Reputation: 113
I have 2 data frames, and I am trying to copy just one column from one data frame into the other data frame by matching 3 columns in the first data frame to 3 columns in the second data frame. I don't want to completely merge the data frames because my real data frames have too many columns each and I don't want them to be all together.
Here are example data frames:
df1
ID_num Terr_Bred Dispersal_Dist Year_Bred
1 1 BAM 760 1987
2 2 GRE 1006 1993
3 3 MEW 999 2000
df2
Mal_ID Date_Rec Year Terr Pair_ID Fem_ID
1 4 3/22/1987 1987 BAM 87 1
2 7 2/22/1987 1987 YER 43 1
3 5 1/17/1993 1993 GRE 22 2
4 8 2/14/1991 1991 GRE 91 2
5 6 10/1/2000 2000 MEW 65 3
I want this:
ID_num Year_Bred Terr_Bred Dispersal_Dist Mate_ID_num
1 1 1987 BAM 760 4
2 2 1993 GRE 1006 5
3 3 2000 MEW 999 6
So, I'm trying to add the Mal_ID column from df2 into df1 and rename the column Mate_ID_num. To do this I want to match the ID_num column from df1 to Fem_ID column in df2, Year_Bred column from df1 to Year column in df2, and the Terr_Bred column from df1 to the Terr column in df2. As seen in the examples above, the names for the columns differ in each data frame.

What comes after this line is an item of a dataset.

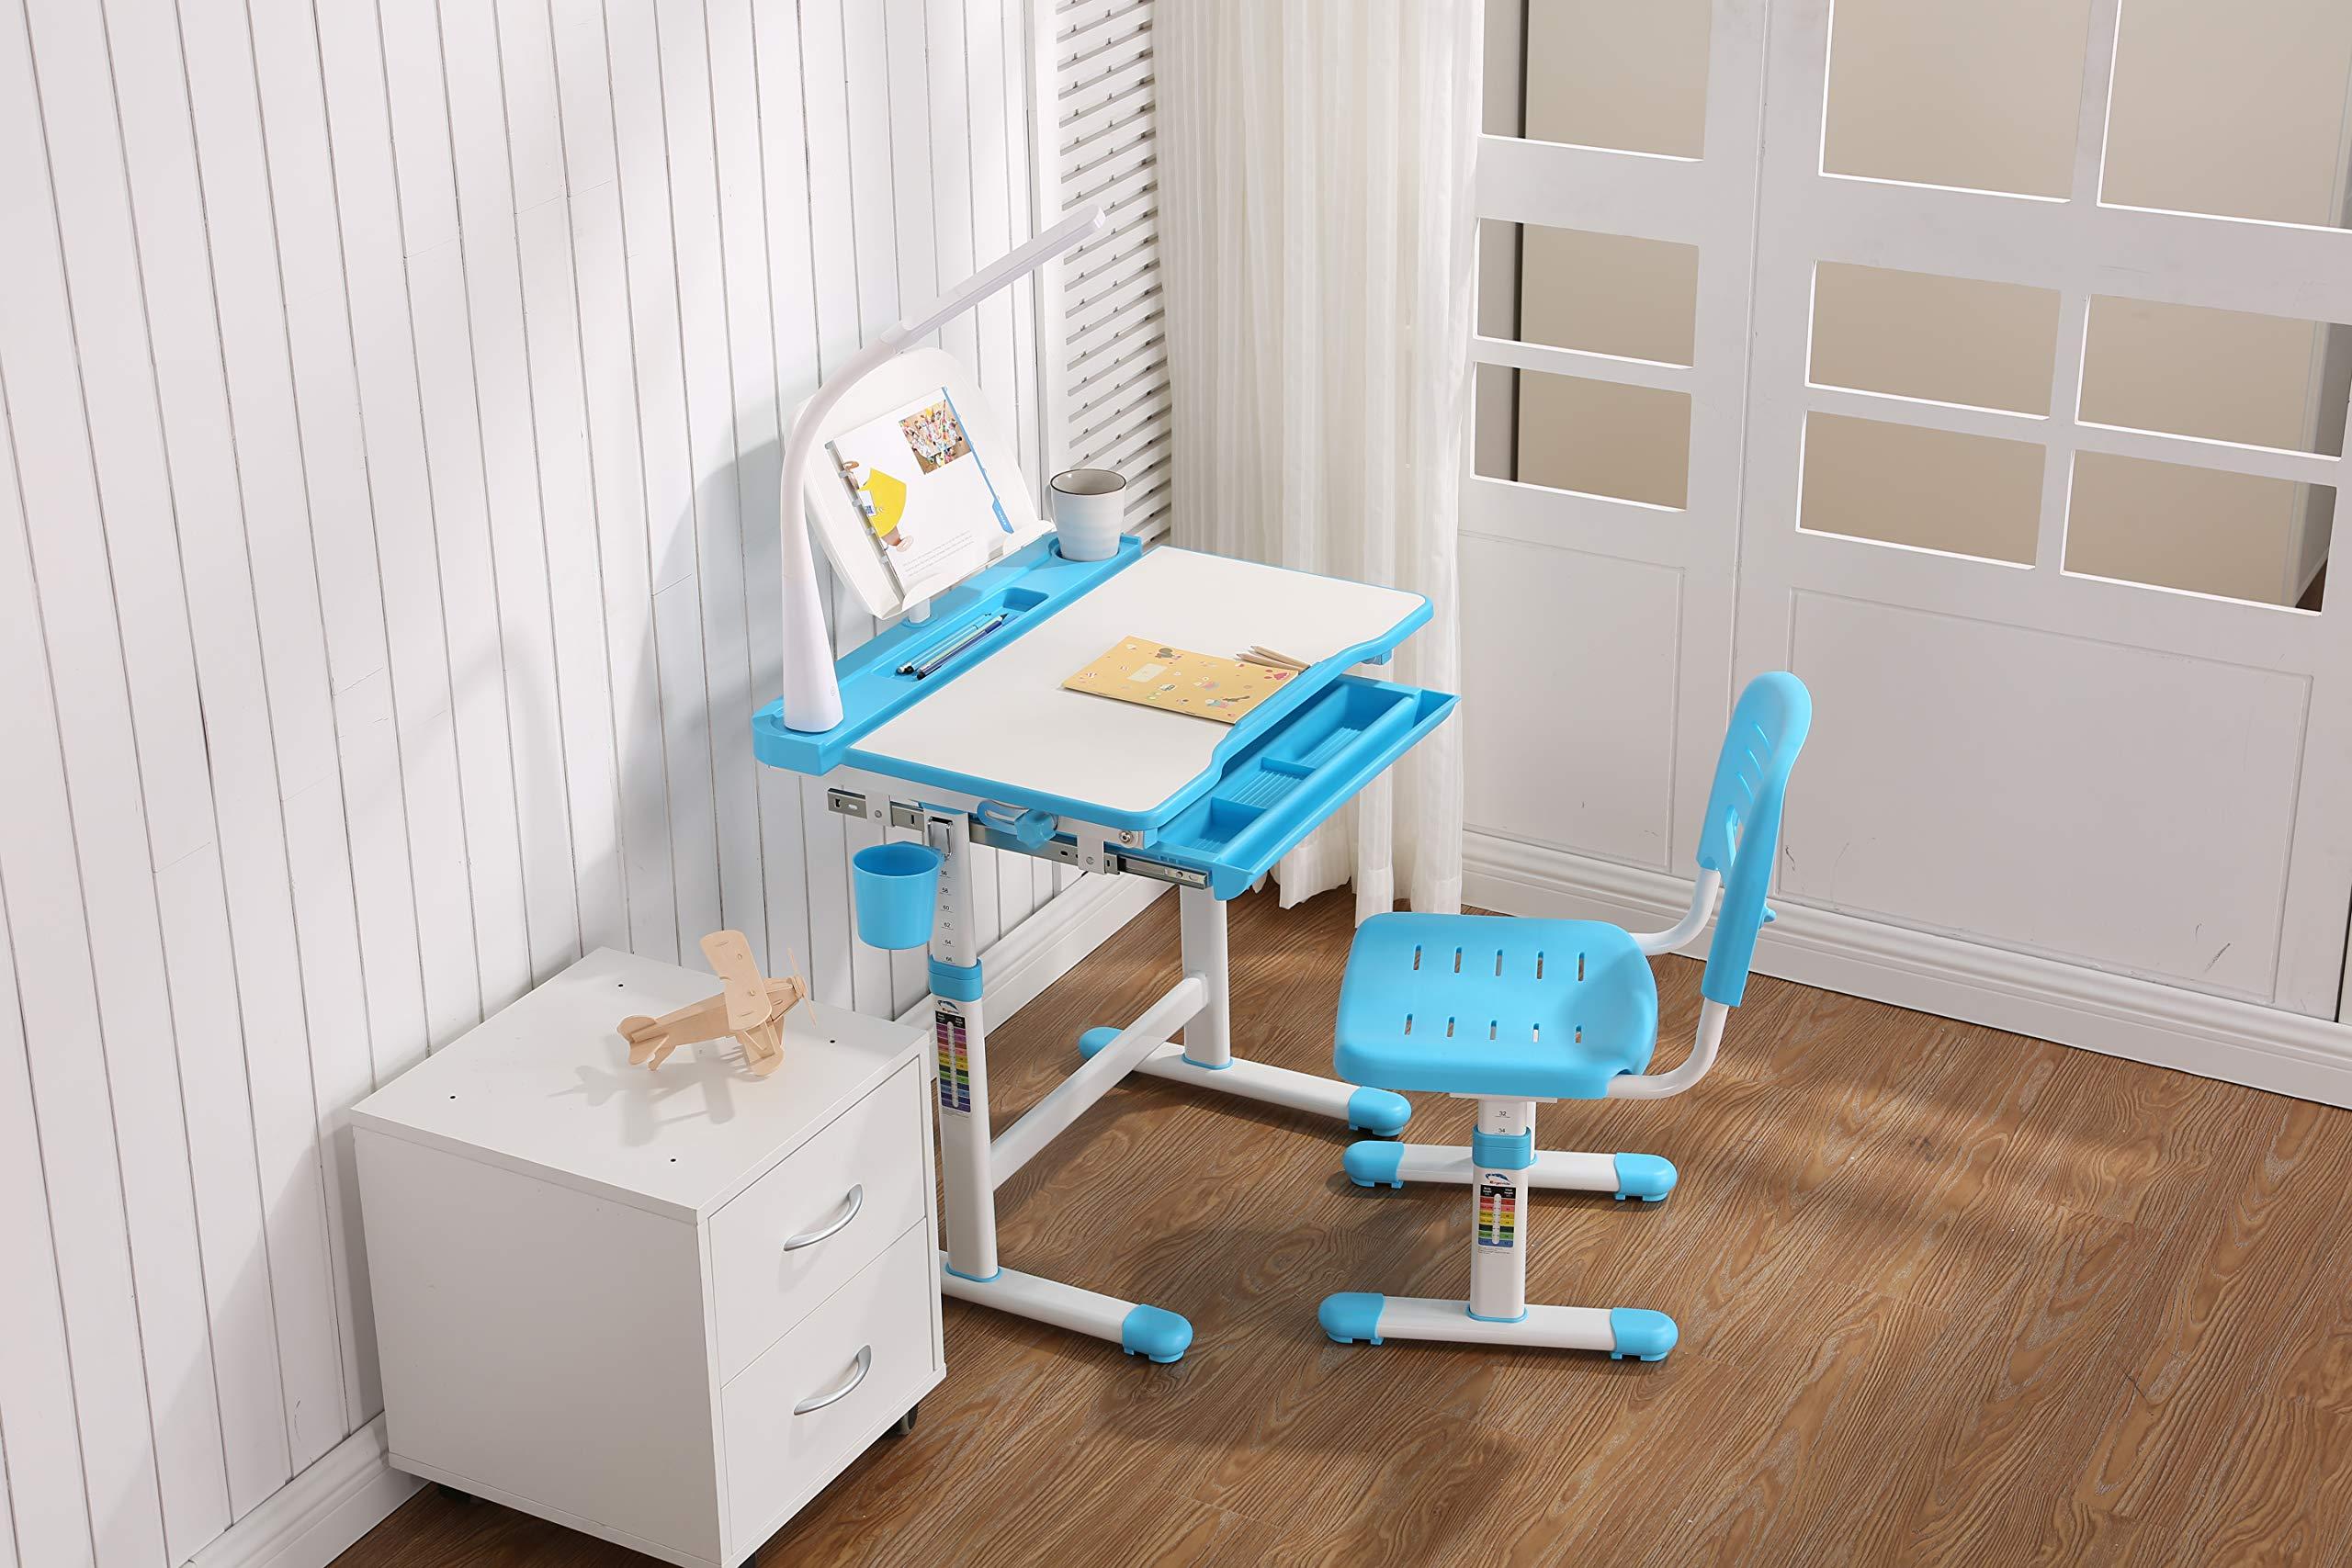 Estink Children Study Desk Chair Set Adjustable Height Rotation Anti-slip Kids Comfortable Learning Table with UK Plug Lamp 100-240 V Blue

I haven't been able to find a way to do this, I've only found examples where you completely merge data frames or where you add a column based on matching a single column in each data frame, not multiple.
Upvotes: 0
Views: 6583
Reputation: 269714
1) base This is known as a left join:
by.x <- c("ID_num", "Year_Bred", "Terr_Bred")
by.y <- c("Fem_ID", "Year", "Terr")
df <- merge(df1[by.x], df2[c(by.y, "Mal_ID")],
all.x = TRUE, all.y = FALSE, by.x = by.x, by.y = by.y)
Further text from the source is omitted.